Reproduce word for word the line holding "Abmessungen: 4'2" and all lines after it in the data, through the end, leaving out pictures.

§ **DATA SECTION**
***
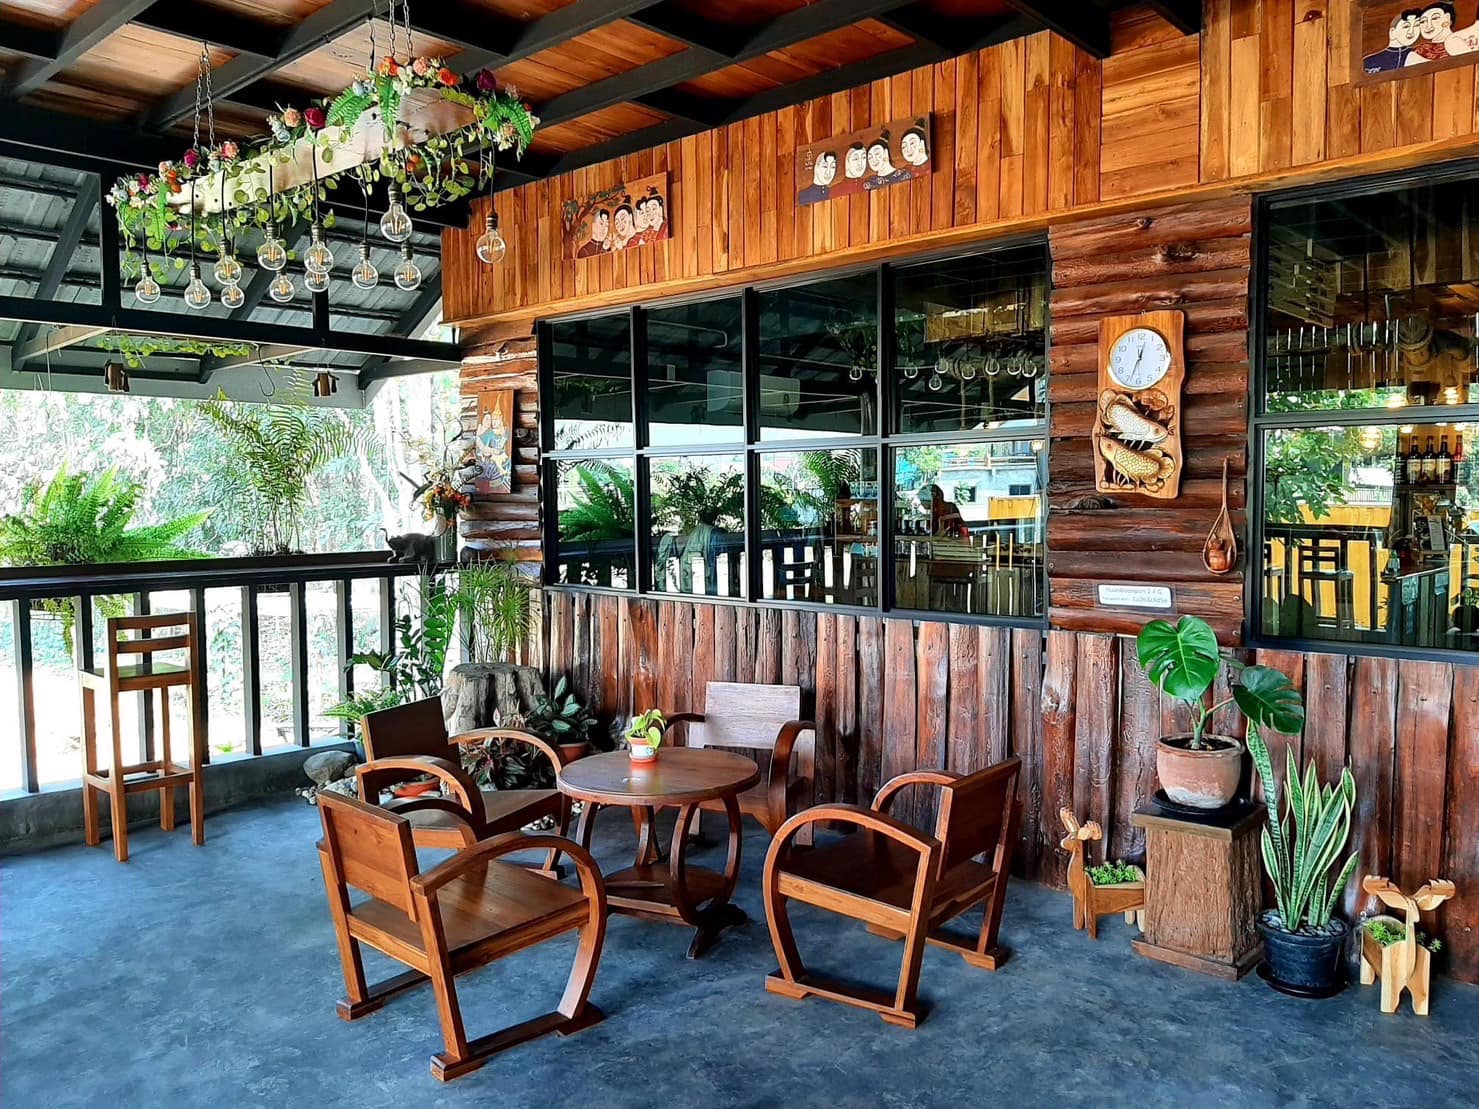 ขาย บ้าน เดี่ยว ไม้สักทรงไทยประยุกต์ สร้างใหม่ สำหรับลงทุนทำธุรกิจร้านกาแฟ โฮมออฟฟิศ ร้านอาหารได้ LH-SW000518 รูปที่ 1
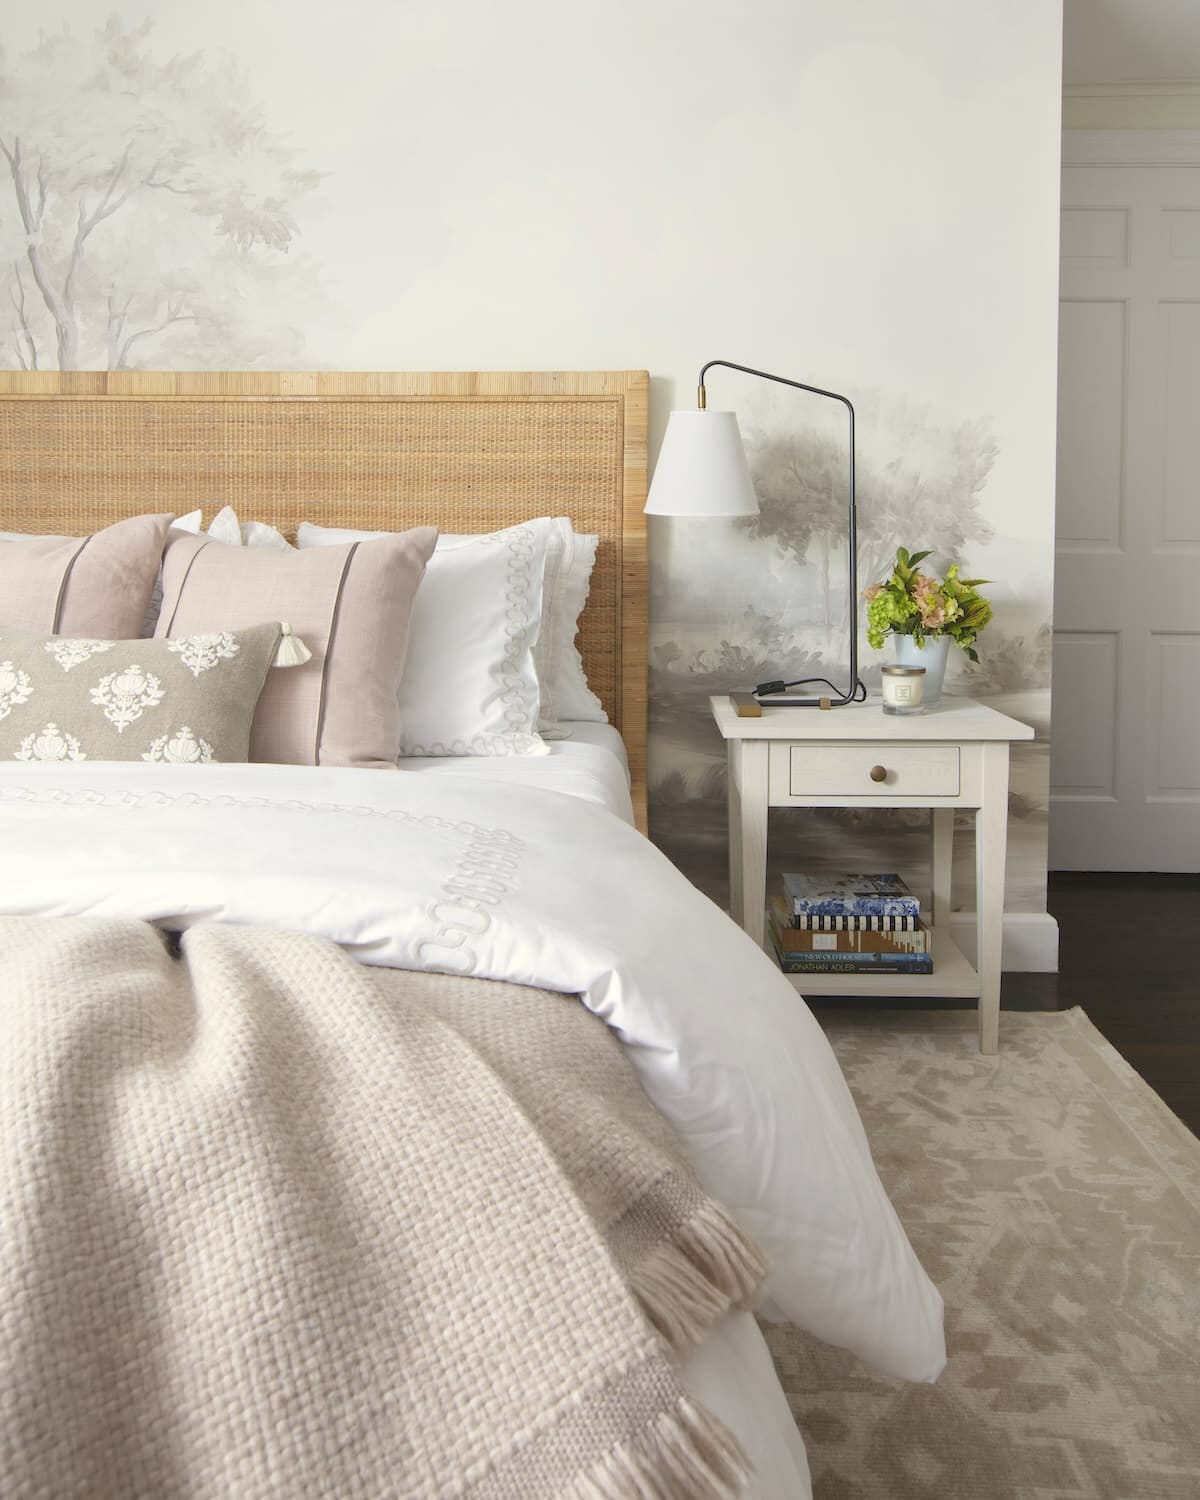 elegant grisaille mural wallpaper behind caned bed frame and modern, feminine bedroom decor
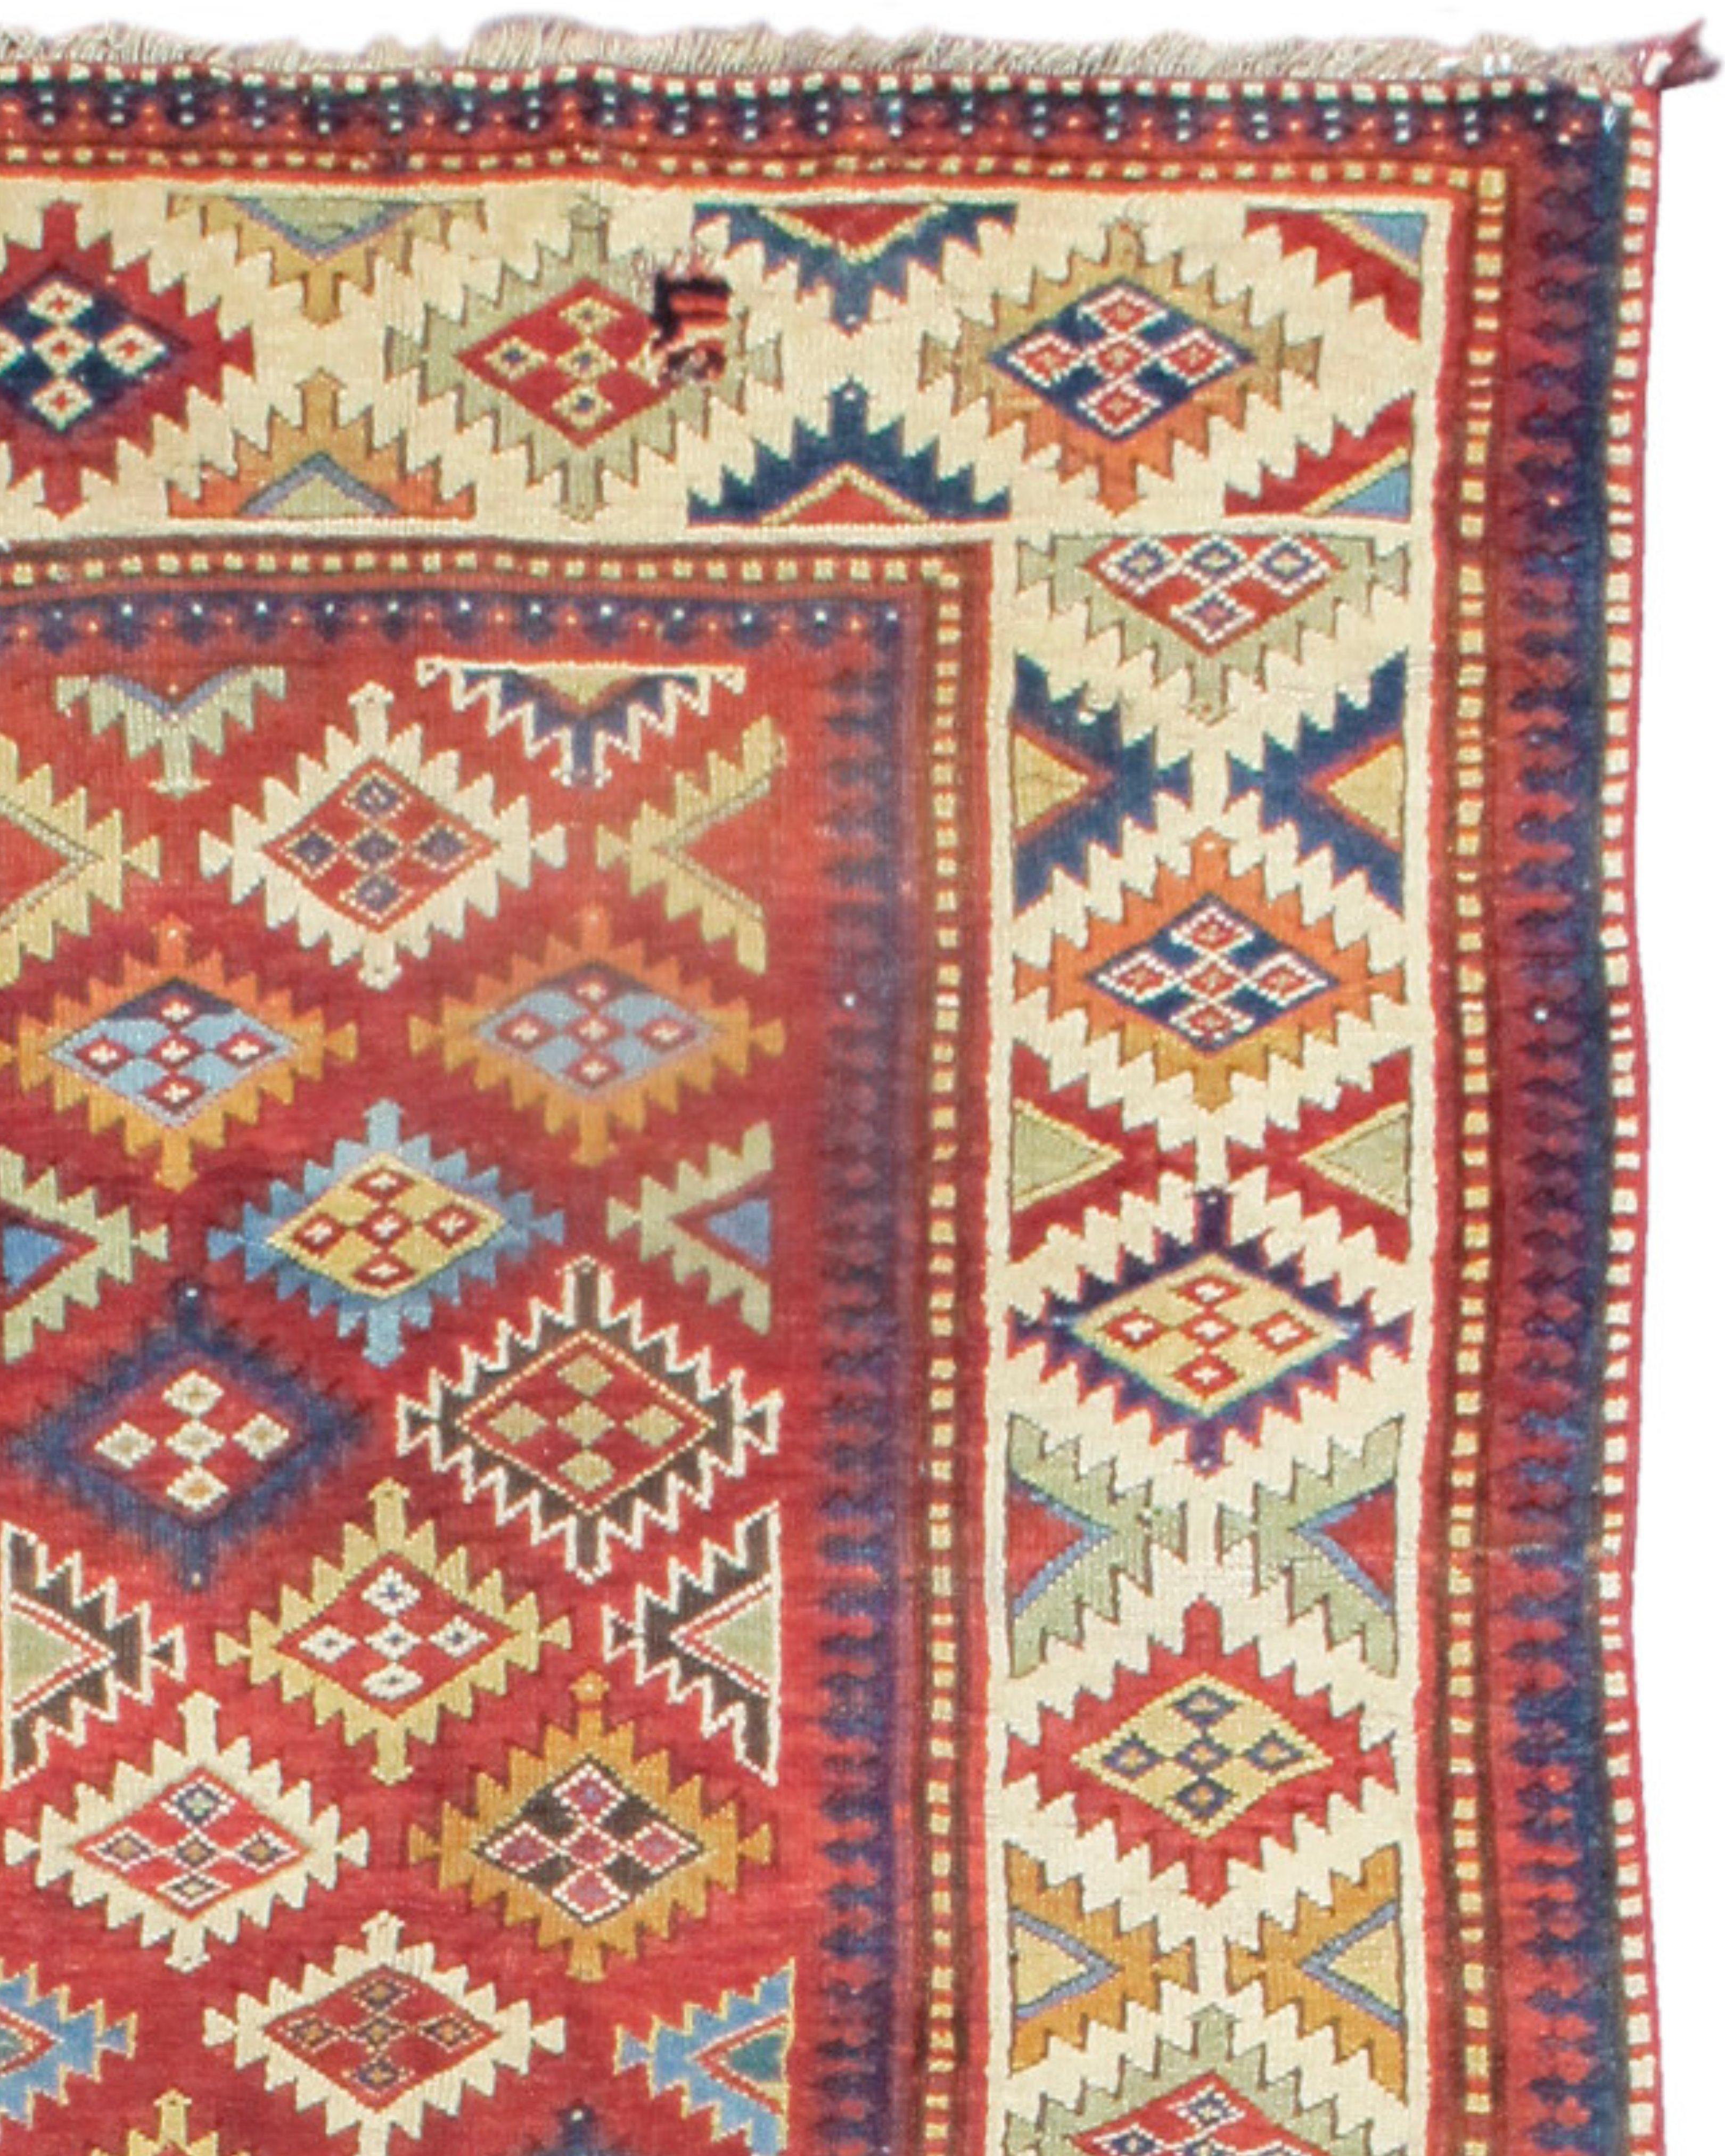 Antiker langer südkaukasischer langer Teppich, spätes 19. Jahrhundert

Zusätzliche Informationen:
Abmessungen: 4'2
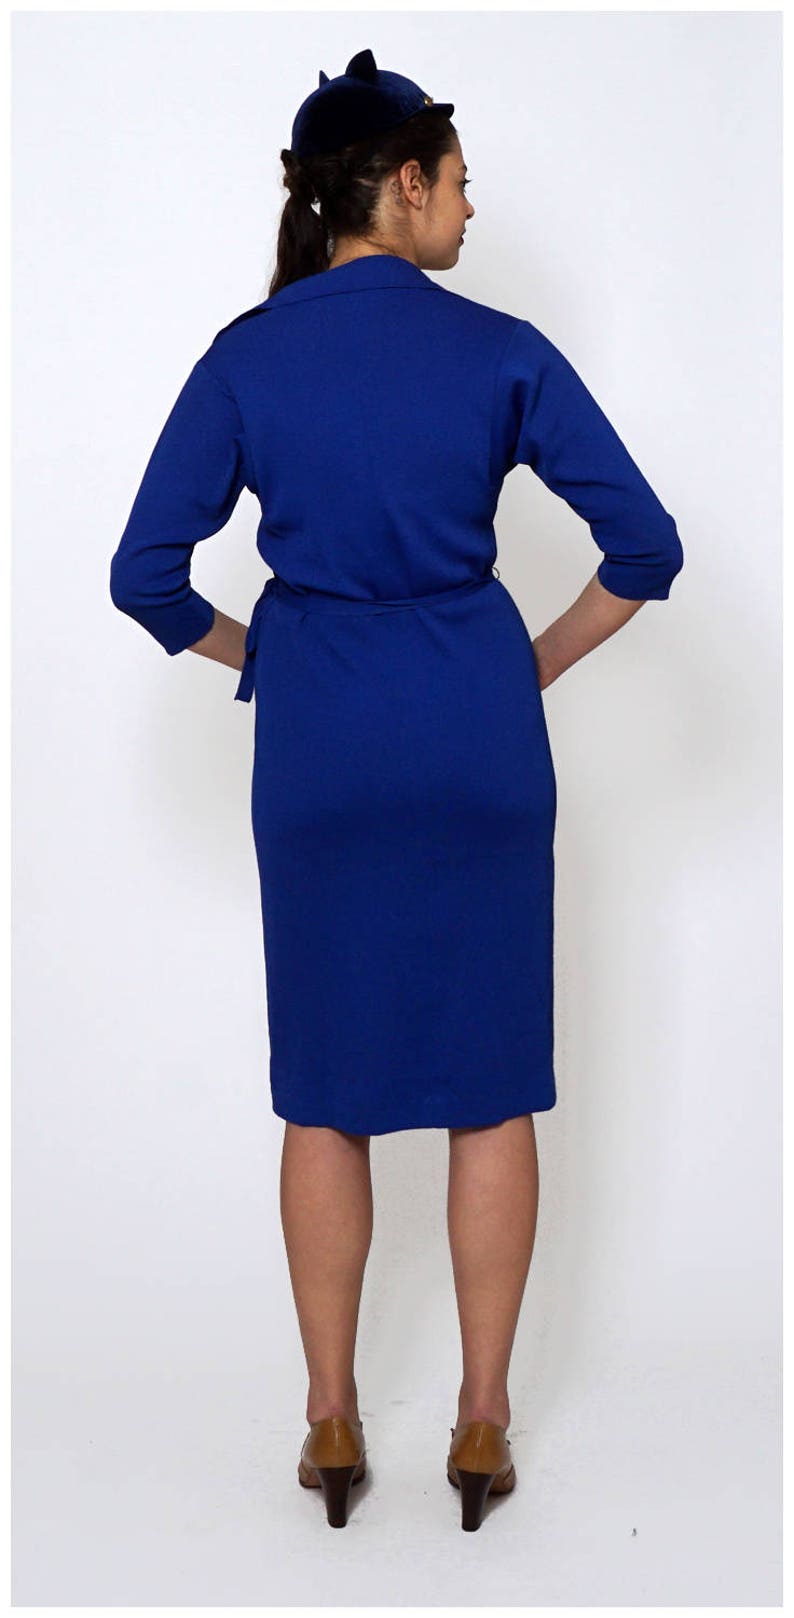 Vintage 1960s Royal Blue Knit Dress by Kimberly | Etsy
***
§ **RESULT OF THIS TASK**
Abmessungen: 4'2
 Vintage 1960s Royal Blue Knit Dress by Kimberly | Etsy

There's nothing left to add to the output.